**DATA EXCERPT:**
=== Begin Enclosure ===

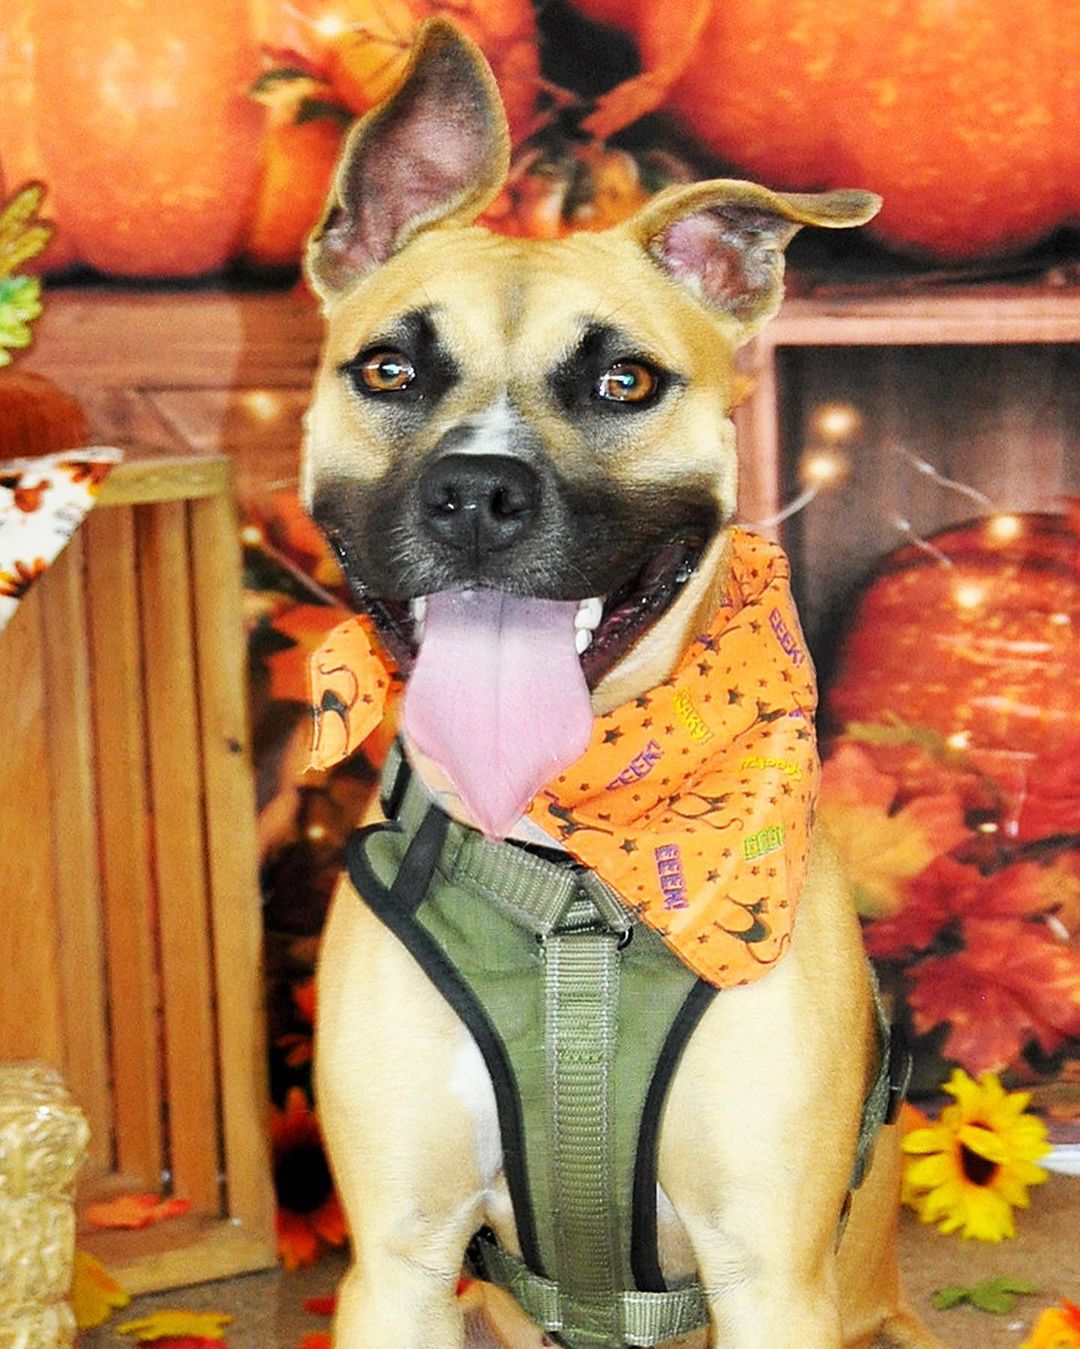 Happy Thanksgiving!🍁🐶🙏
These wagging tails would love to break bread with a family around the table. To adopt a pet, visit abandonedpetrescue.org

Thank you Cheryl D Photography for the beautiful photos of our adoptable dogs. 

<a target='_blank' href='https://www.instagram.com/explore/tags/loveisguaranteed/'>#loveisguaranteed</a> <a target='_blank' href='https://www.instagram.com/explore/tags/adopt/'>#adopt</a> <a target='_blank' href='https://www.instagram.com/explore/tags/homefortheholidays/'>#homefortheholidays</a> <a target='_blank' href='https://www.instagram.com/explore/tags/abandonedpetrescue/'>#abandonedpetrescue</a> <a target='_blank' href='https://www.instagram.com/explore/tags/animalrescue/'>#animalrescue</a>

=== End Enclosure ===

**WORK REQUEST:** Output exactly the lines of the material above from the one containing "These wagging tails" up to and including the one containing "Thank you Cheryl".

**THE ANSWER:**
These wagging tails would love to break bread with a family around the table. To adopt a pet, visit abandonedpetrescue.org

Thank you Cheryl D Photography for the beautiful photos of our adoptable dogs. 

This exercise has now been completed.